BRIEF:
Write out each line of the listing as it stands, without the images.

··· PROVIDED DATA ···

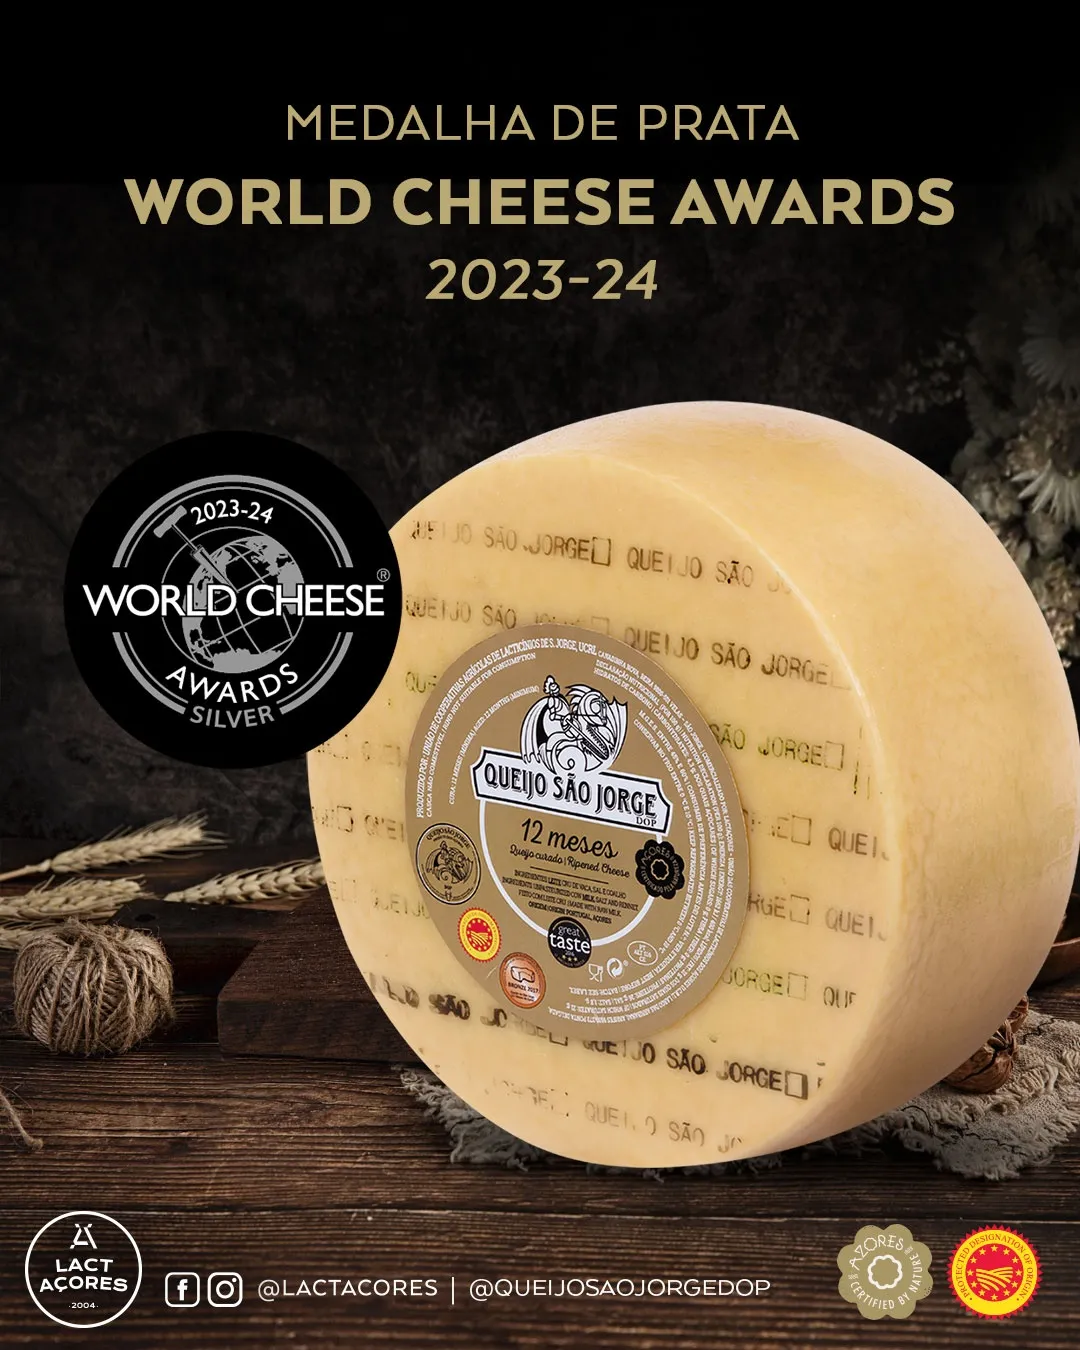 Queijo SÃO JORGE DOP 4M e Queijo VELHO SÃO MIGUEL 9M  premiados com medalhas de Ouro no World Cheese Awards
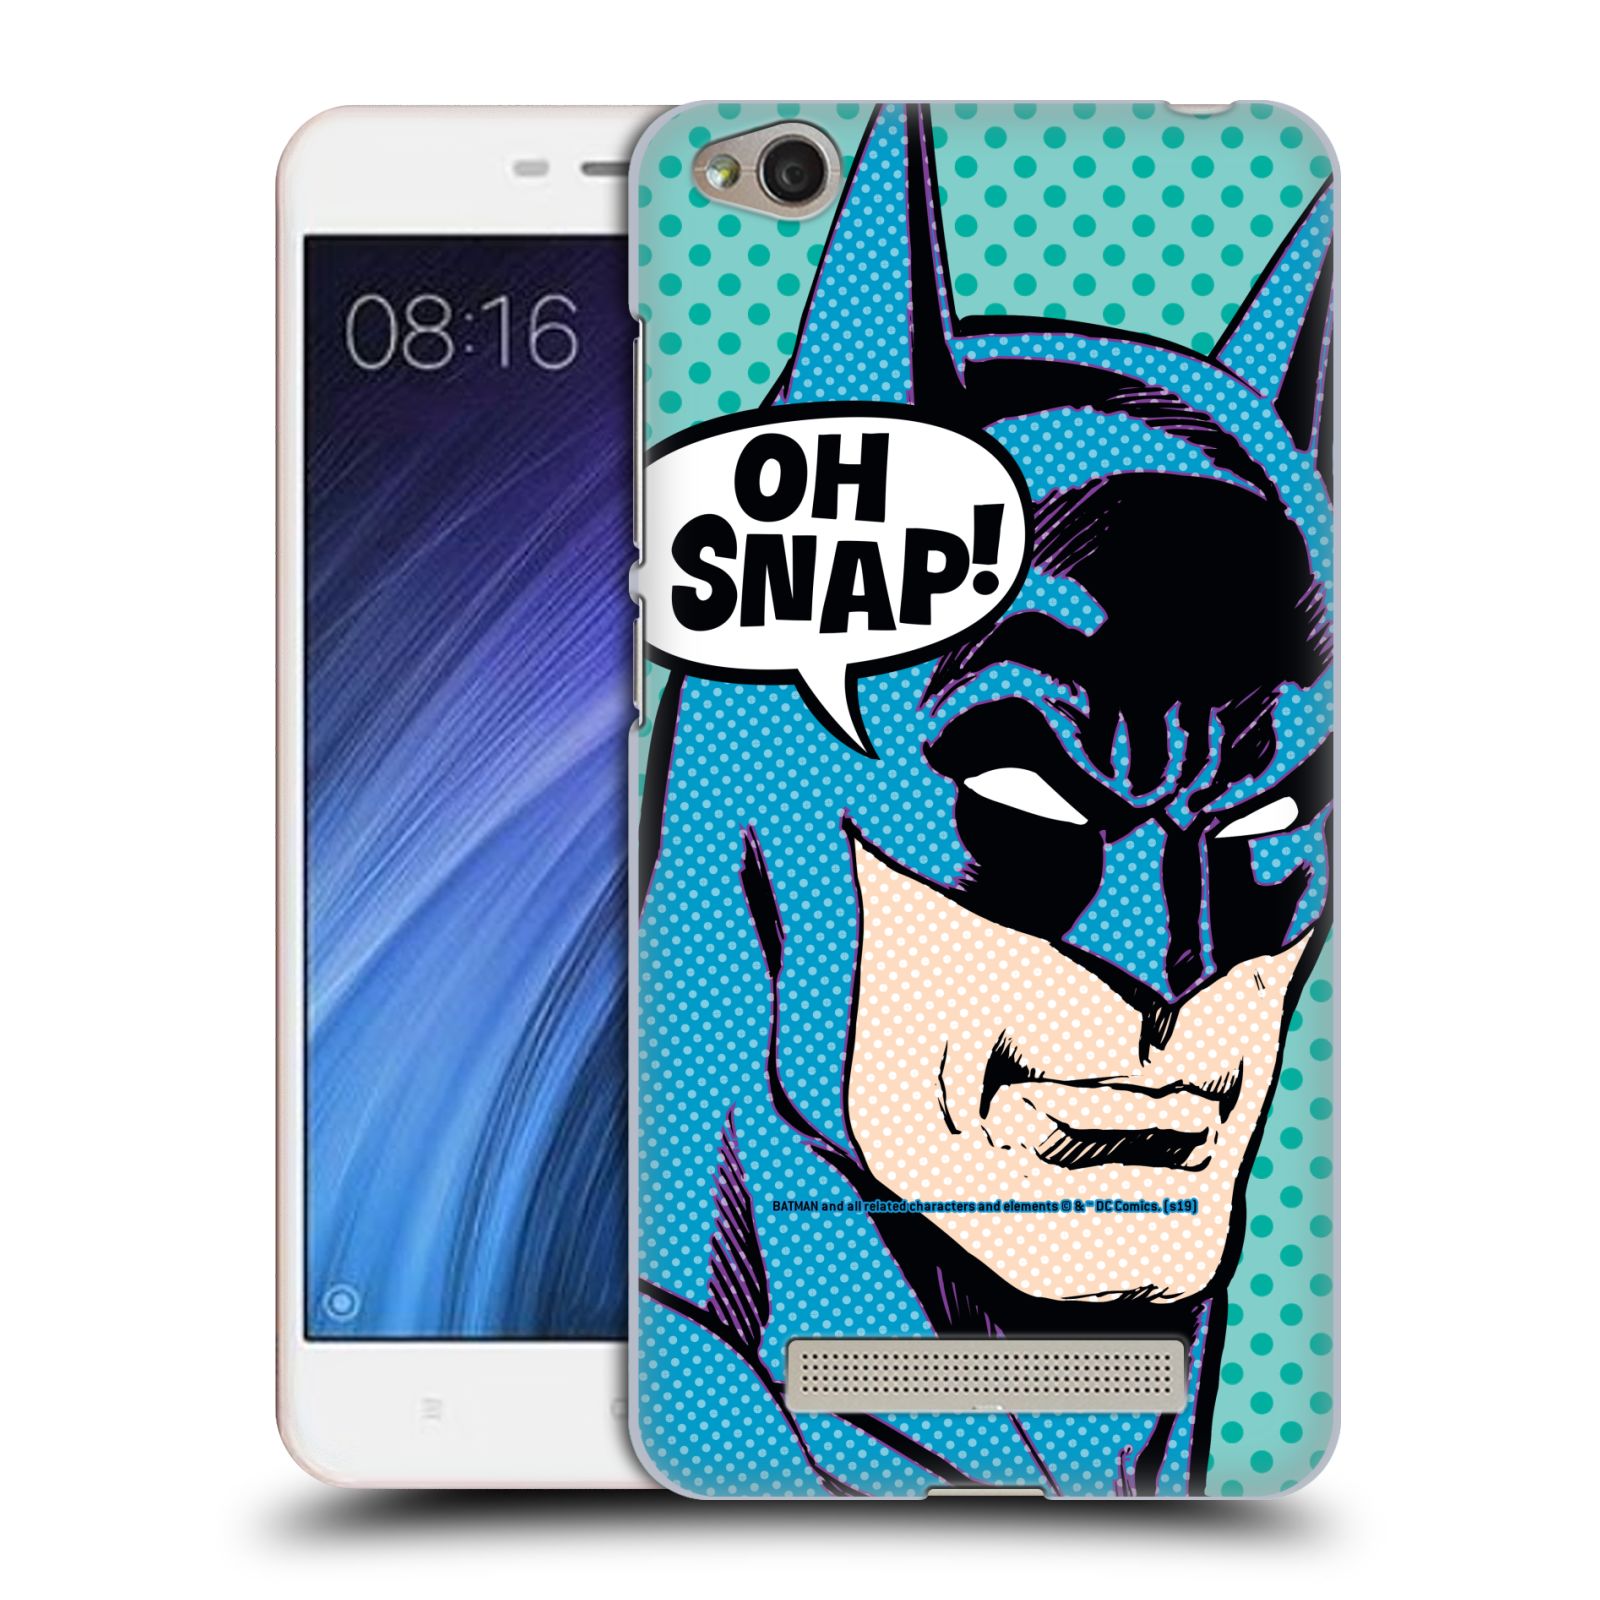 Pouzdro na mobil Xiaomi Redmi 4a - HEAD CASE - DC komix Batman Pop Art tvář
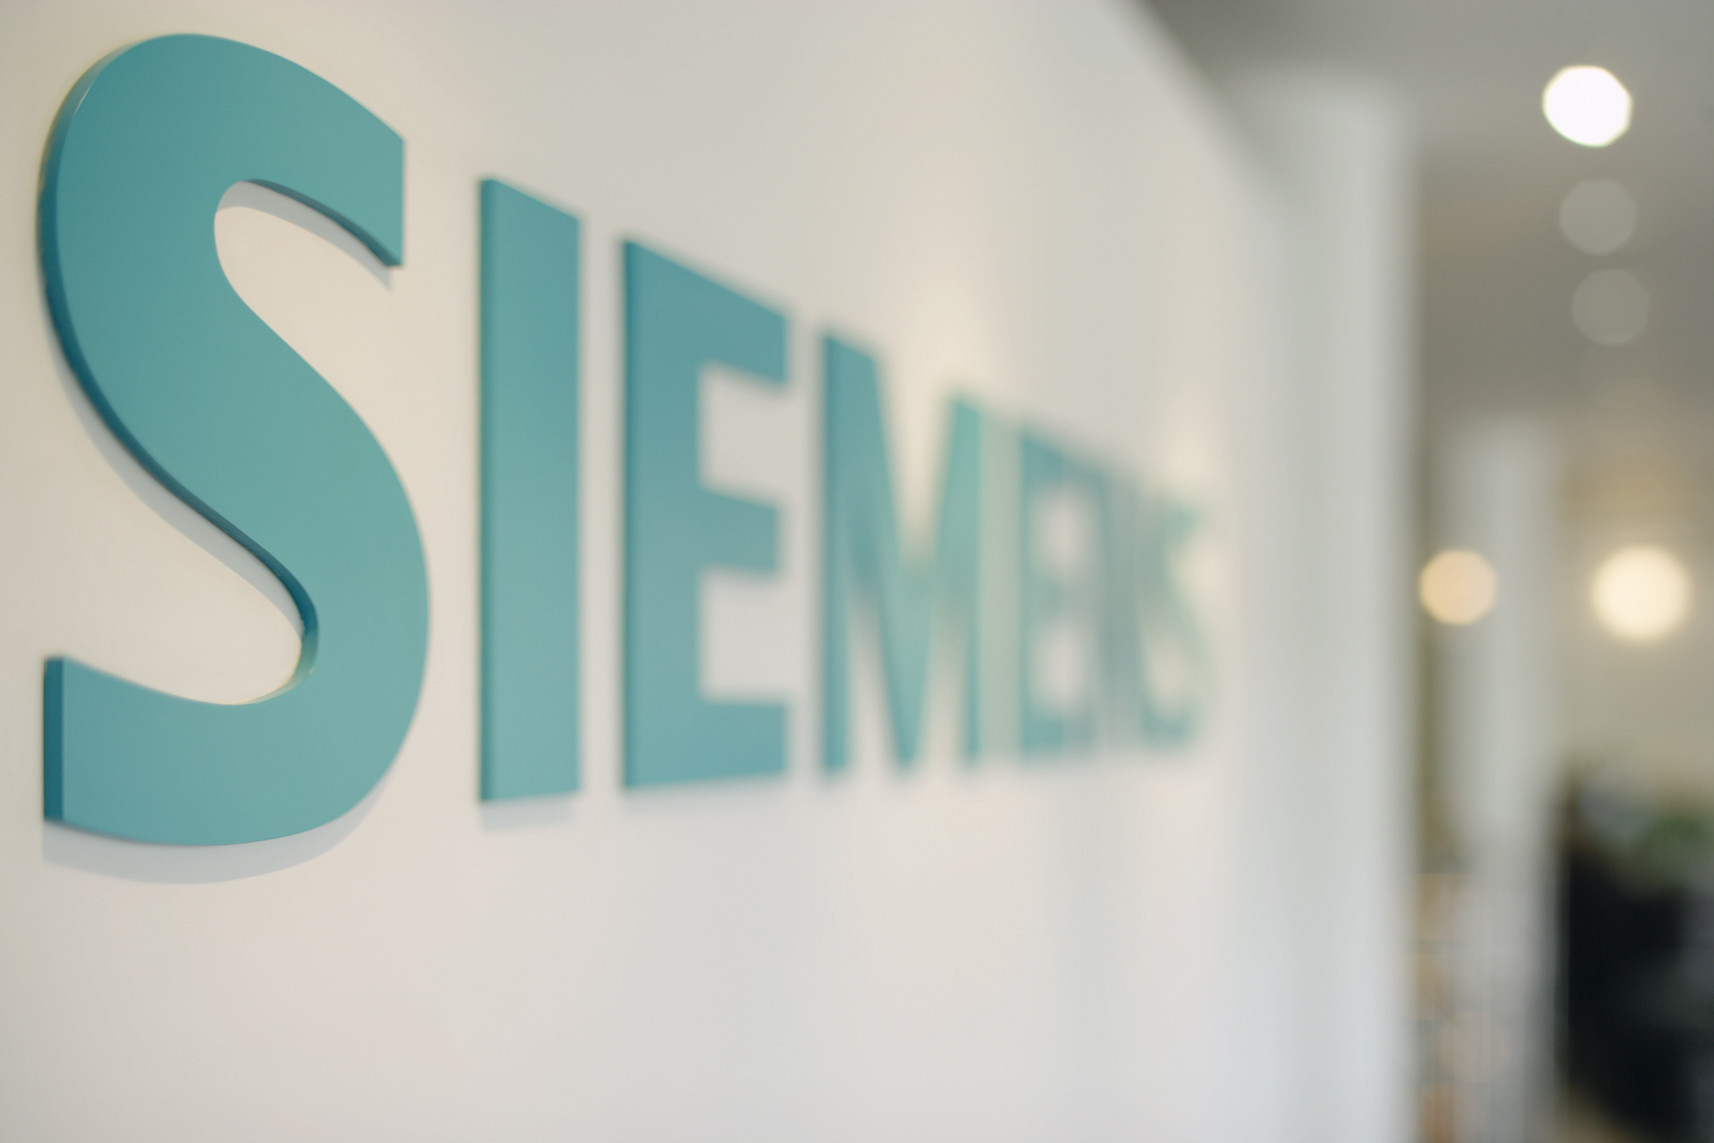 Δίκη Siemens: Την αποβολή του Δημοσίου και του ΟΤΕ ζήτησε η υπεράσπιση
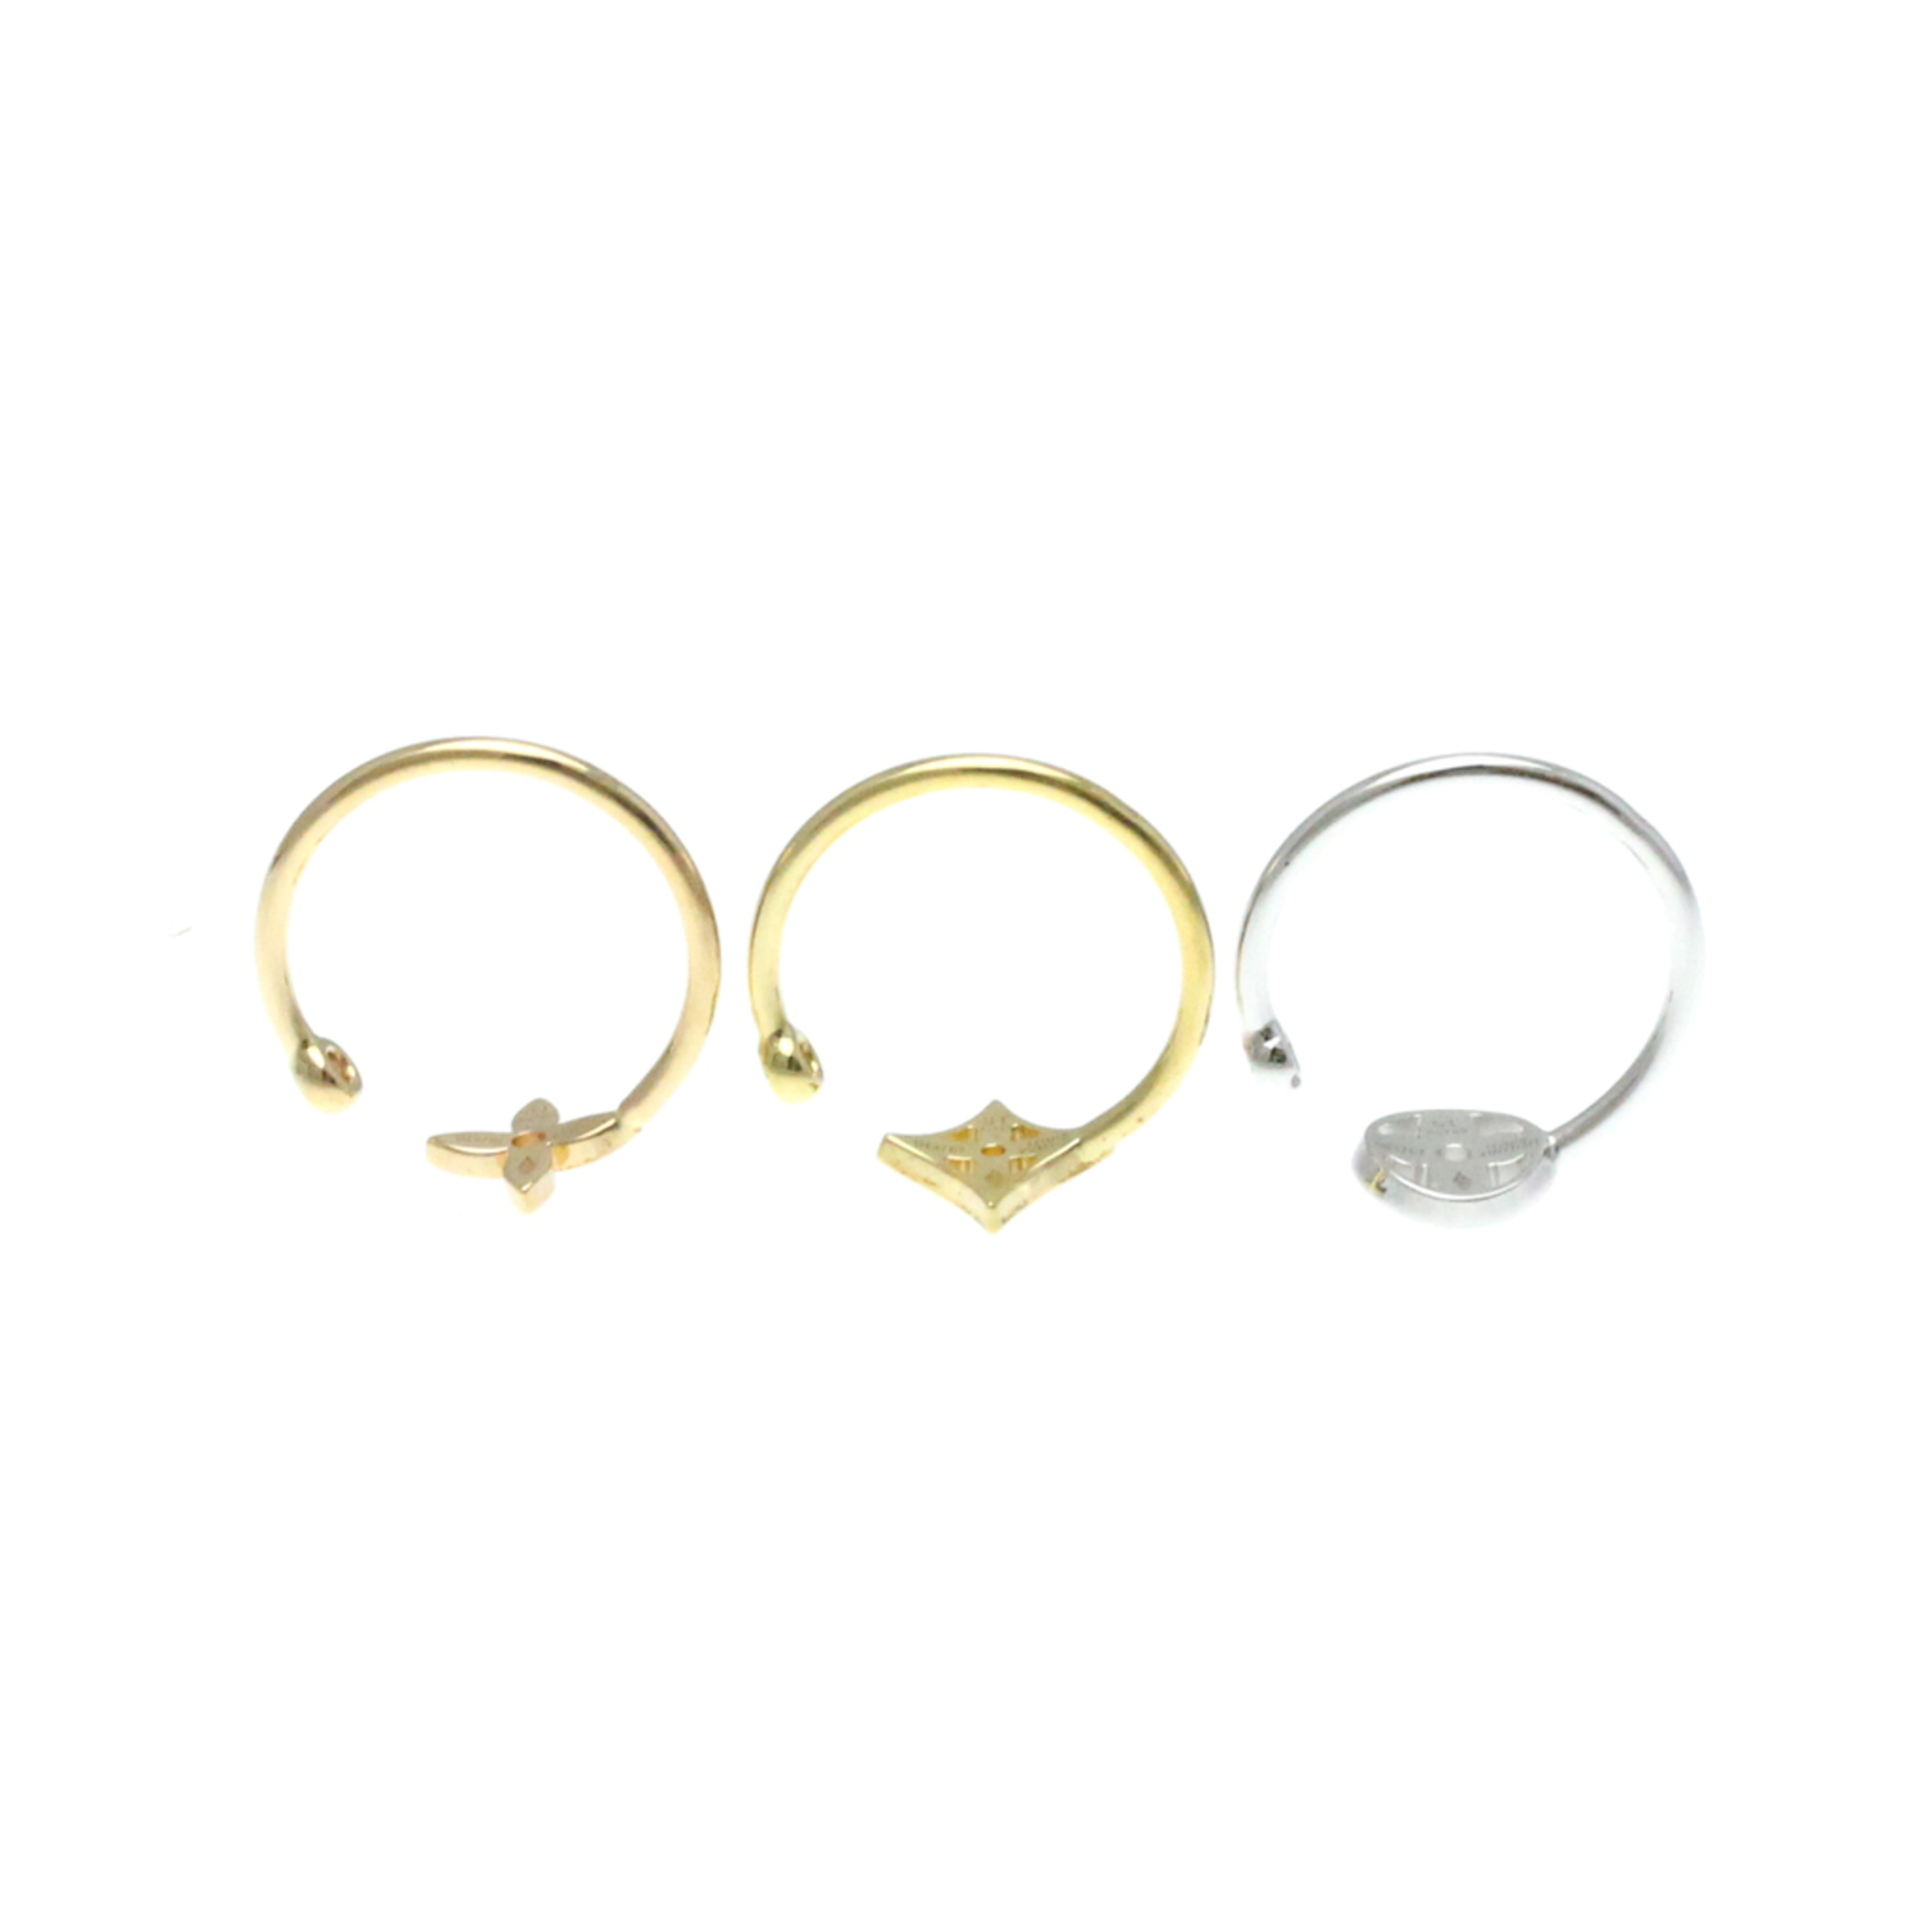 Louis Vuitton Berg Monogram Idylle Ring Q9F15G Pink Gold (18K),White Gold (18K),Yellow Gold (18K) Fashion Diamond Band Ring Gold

···

EXERCISE SOLUTION:
 Queijo SÃO JORGE DOP 4M e Queijo VELHO SÃO MIGUEL 9M  premiados com medalhas de Ouro no World Cheese Awards
 Pouzdro na mobil Xiaomi Redmi 4a - HEAD CASE - DC komix Batman Pop Art tvář
 Δίκη Siemens: Την αποβολή του Δημοσίου και του ΟΤΕ ζήτησε η υπεράσπιση
 Louis Vuitton Berg Monogram Idylle Ring Q9F15G Pink Gold (18K),White Gold (18K),Yellow Gold (18K) Fashion Diamond Band Ring Gold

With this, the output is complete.